By | September 22, 2011

SIDDbase-WS is a SOAP based Web Service created in a collaboration between the
Comparative Microbial Genomics Group at CBS, The Technical University of Denmark and
Prof. Craig Benham’s research group at the UC Davis Genome Center. It provides
interoperable access to the SIDD software, and access to the repository of stored
results from calculations previously performed on complete bacterial genomes.

SIDD (Stress-induced DNA Duplex Destabilization) is the propensity for the DNA duplex to
be destabilized within genomic regions that are experiencing a superhelical stress. This
is a complex, interactive attribute of genomic DNA, that has been implicated in a wide
variety of regulatory processes.

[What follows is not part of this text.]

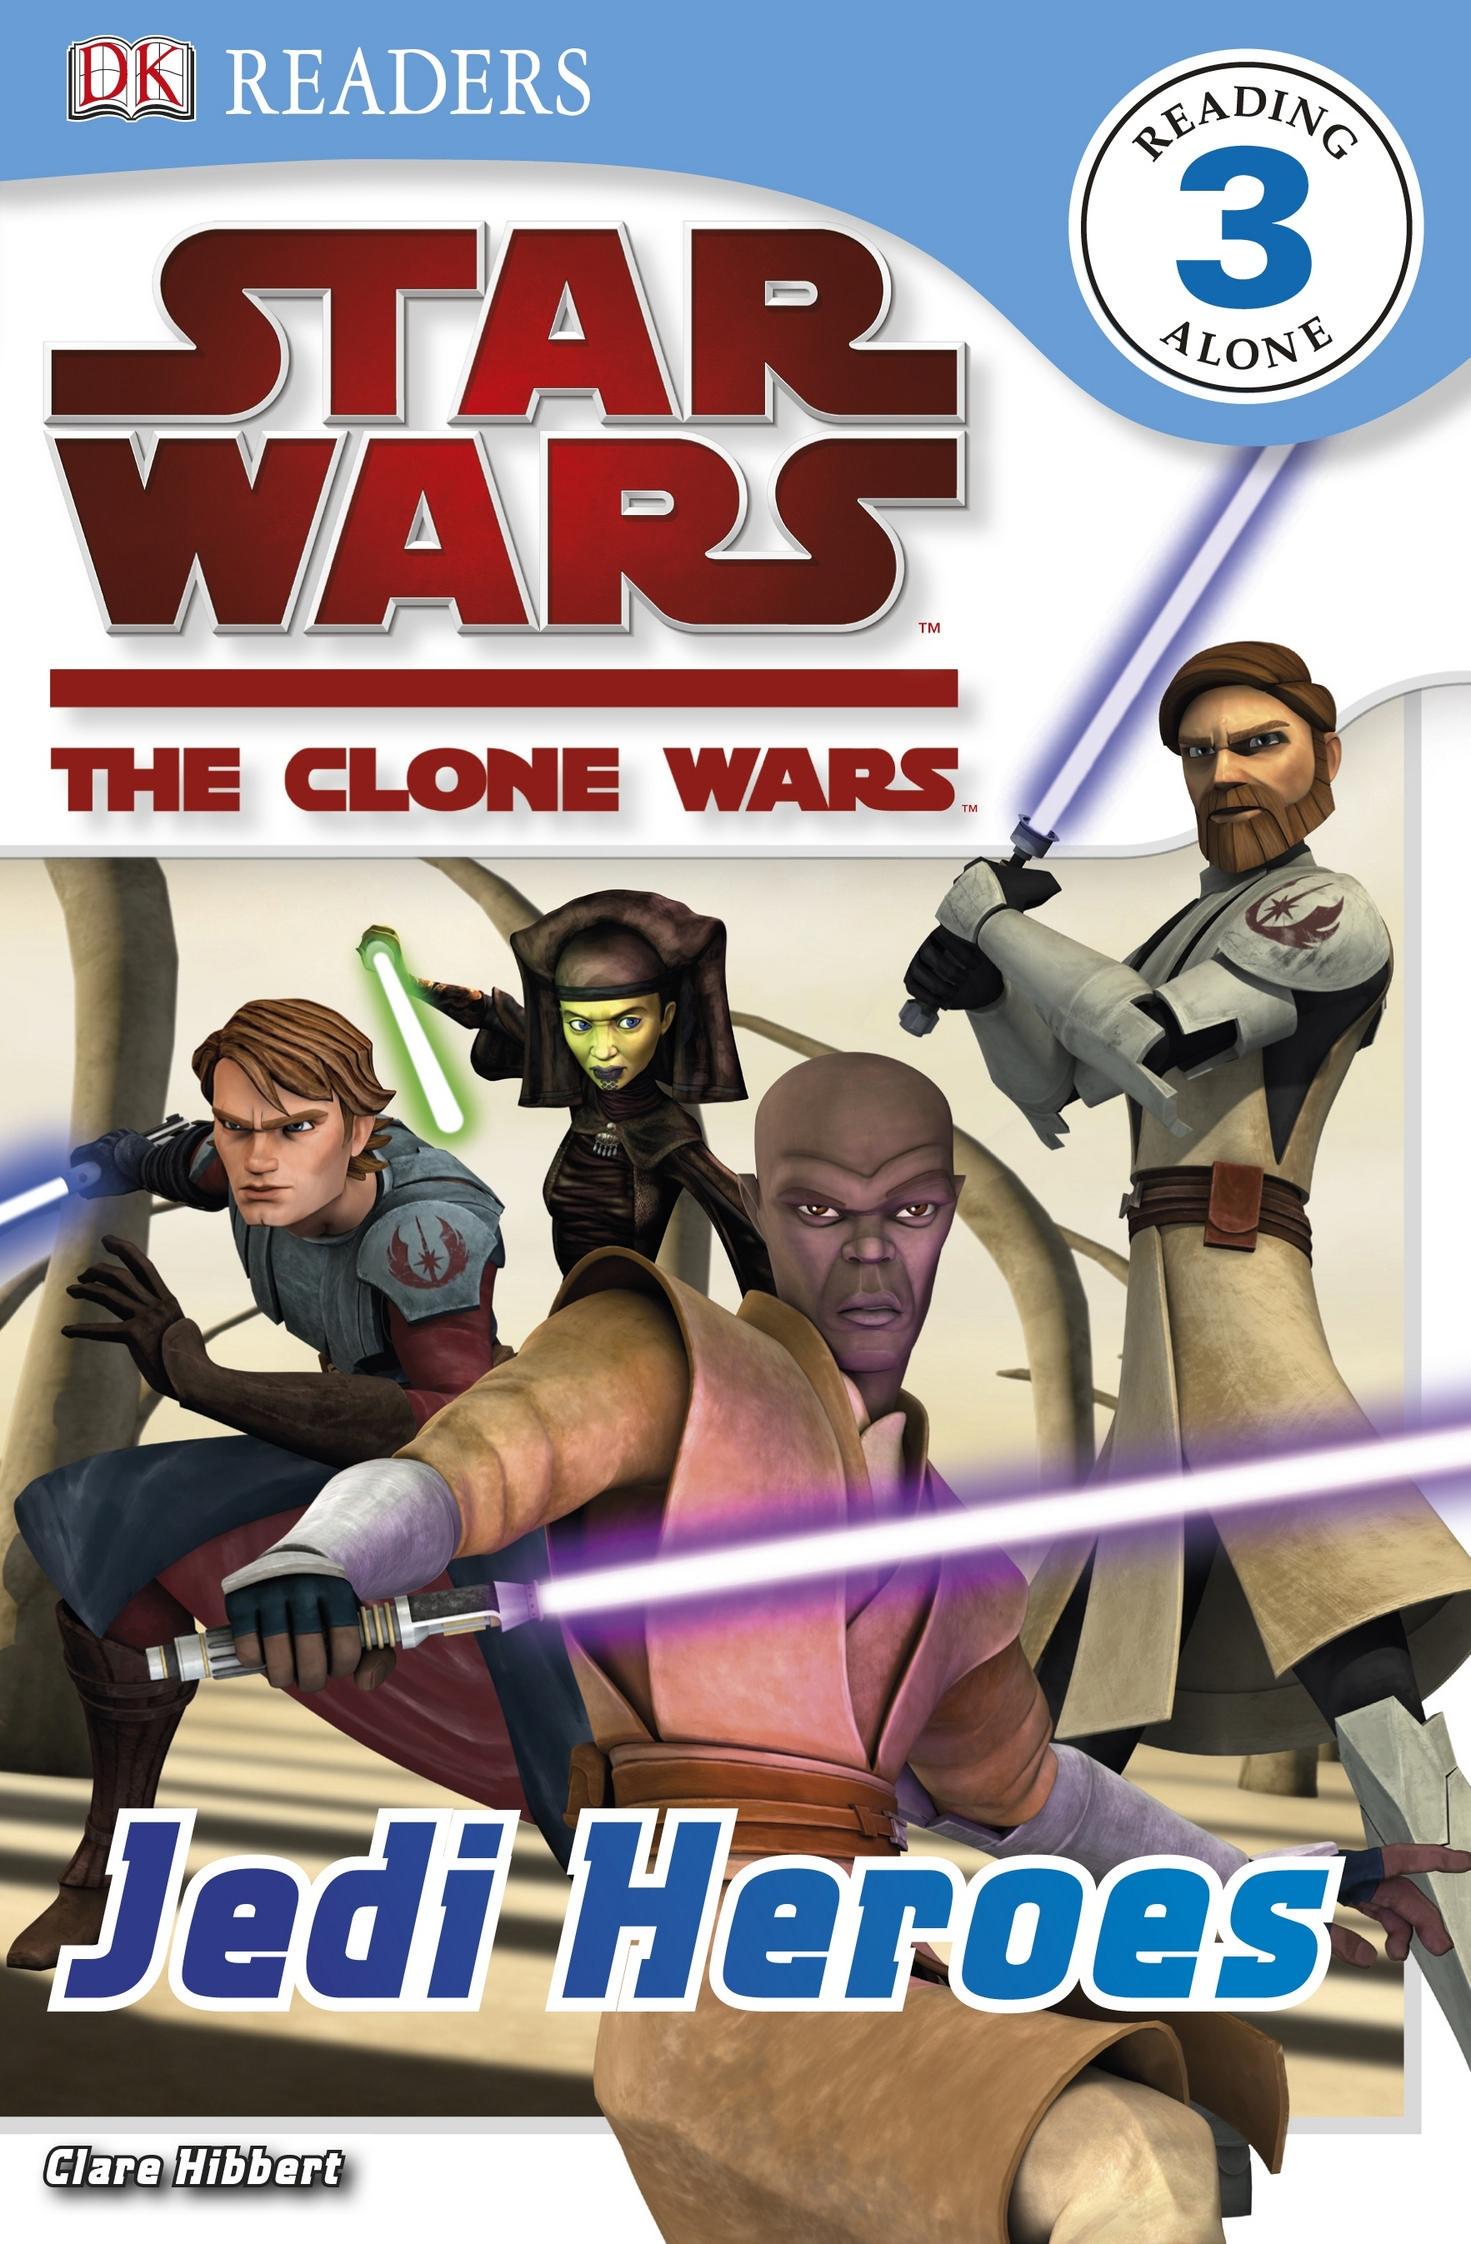 The Clone Wars: Jedi Heroes

Different strategies are used to calculate SIDD
properties of short (i.e. < ~10kb) regions (Bi C, Benham CJ., WebSIDD: A server for
predicting stress-induced duplex destabilized (SIDD) sites in superhelical DNA,
Bioinformatics, 2004 Jun 12;20(9):1477-9), and of long genomic sequences, up to complete
chromosomes (Benham CJ and Bi C, The Analysis of Stress-Induced Duplex Destabilization
in Long Genomic DNA Sequences, J. Comp. Biol. 11: 519-543, 2004). The extent of
destabilization is given by sigma, the superhelix density. For each base pair and each
sigma value two results are reported. These are the probability p(x) of base pair x
being open (i.e. separated) under the given conditions, and the increment G(x) of free
energy needed to insure that base pair x is always open then.

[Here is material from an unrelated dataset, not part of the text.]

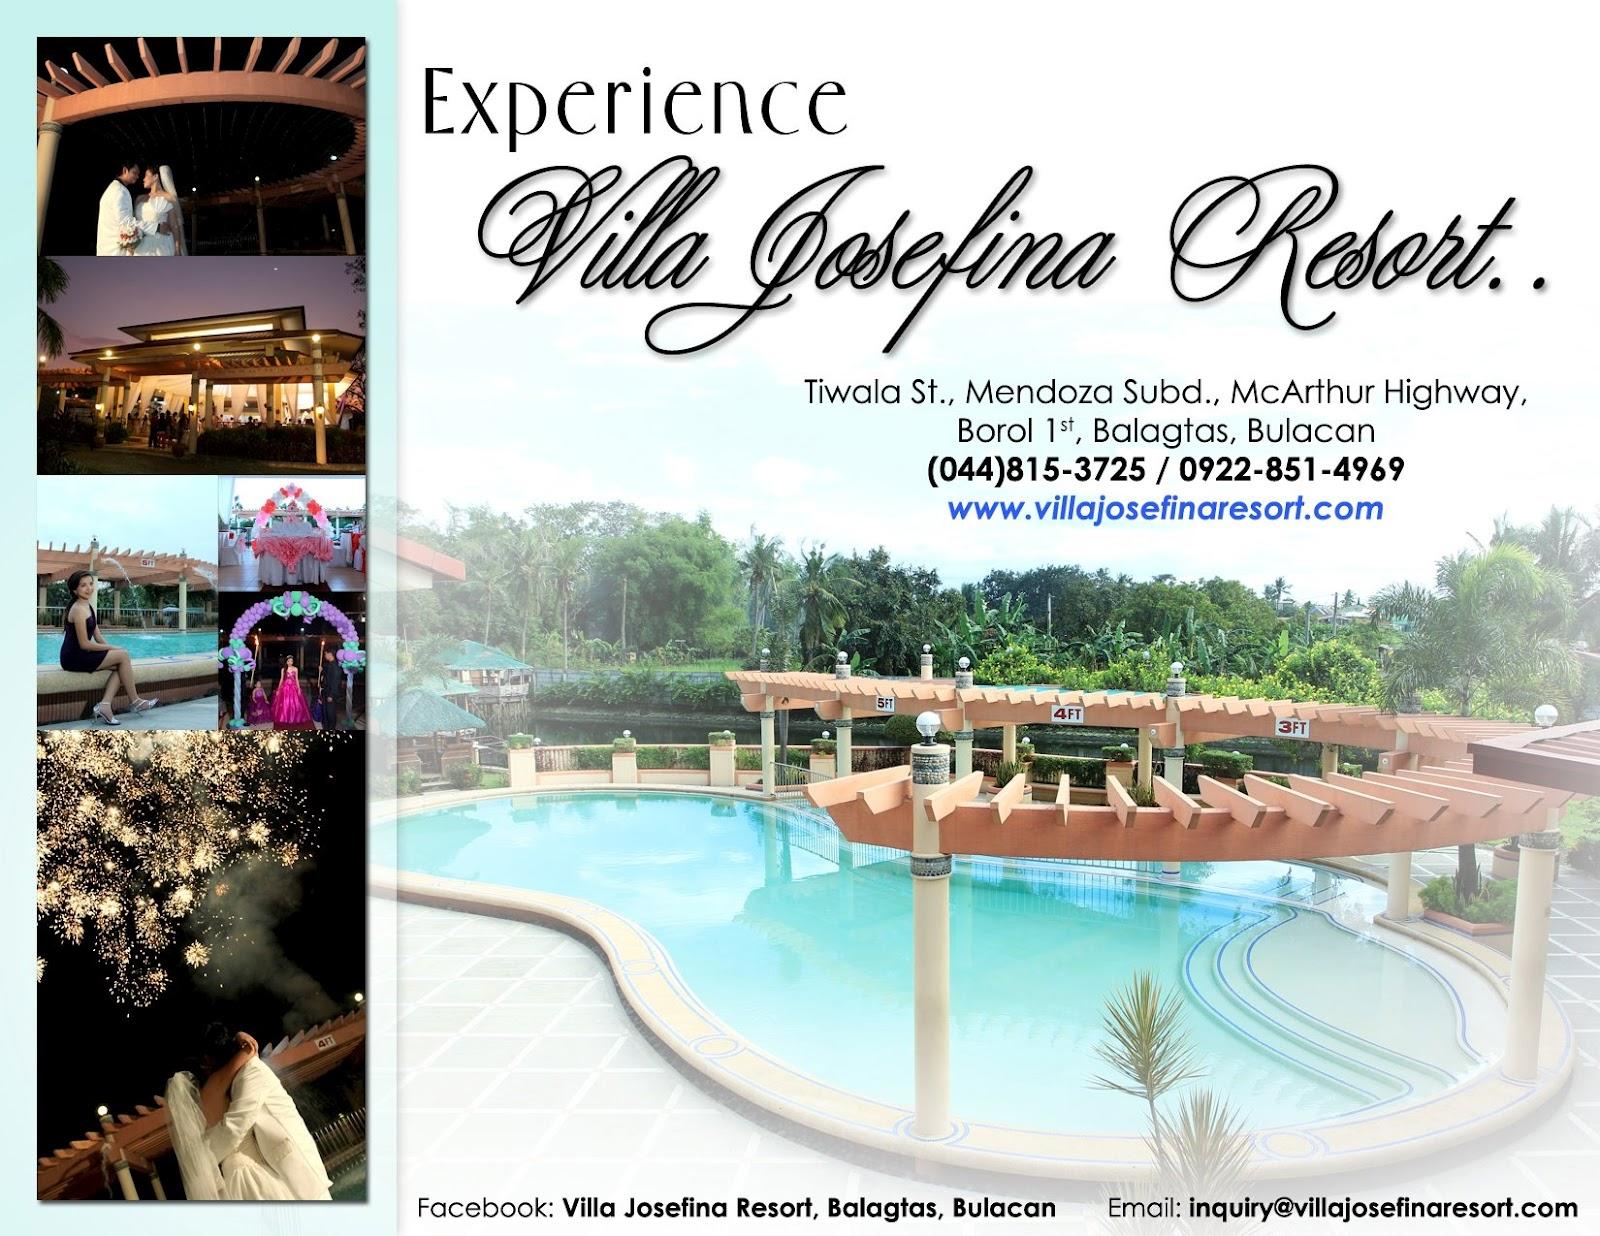 Balagtas Resort Formerly Villa Christina

This service consist of two parts:

1. REPOSITORY A repository of pre-calculated SIDD values (for four different sigma
values -0.025, -0.035,-0.045,-0.055,-0.065). This repository is updated daily by
synchronizing prokaryotic genome sequences against NCBI Entrez Genome Projects
(http://www.ncbi.nlm.nih.gov/genomes/lproks.cgi). Any new or changed genomes will be
updated automatically every day. The DNA geometry (i.e., whether the chromosome is
circular or linear) is by default circular, which will be used except in the cases where
the GenBank record indicates a linear chromosome. This part of the service runs
synchronously, which means that the user will receive the output directly as a response
to a request message

2. CALCULATION SERVICE An SOAP compliant interface for making SIDD predictions. This
part of the service runs /a/synchronously, and is therefore split into three different operations
submit, poll, and fetch operations

REPOSITORY
1. getSIDD
Get the genomic sequence by specifying the GenBank accession number
Input:
* ‘accession’ – The Genbank accession number (e.g. AL111168)
of the genome sequence you want to fetch from the
repository.
* ‘sigma’ – The sigma value of the prediction (-0.025,-0.035,-0.045,-0.055,-0.065)
* ‘energetics’ – Energetics used in the calculations. Only copolymeric is supported
by the repository (c)
* ‘weight’ – The overlap/weighting scheme. Only 10 is supported by the repository (10)
* ‘from’ – (optional) From (and including this) postion
* ‘to’ – (optional) To (and including this) postion
* ‘Gformat’ – e.g. ‘%.2f’
* ‘Pformat’ – e.g. ‘%.2e’
* ‘format’ – Either ‘string’ or ‘element’ – determins if output should be
provided as XML entities are comma separated strings. The latter
is much faster.
Output:
* ‘accession’ – The ganbank accession of the record used.
* ‘digest’ – The MD5 checksum of the entire genomic DNA sequence.
* ‘from’ – From (and including this) postion.
* ‘to’ – To (and including this) postion.
* ‘total_length’ – Total length of genome sequence.
* ‘version’ – SIDD back-end program version.
* ‘method’ – The energetics method used.
* ‘weight’ – The overlap/weighting scheme.
* ‘sigma’ – The sigma value of the prediction.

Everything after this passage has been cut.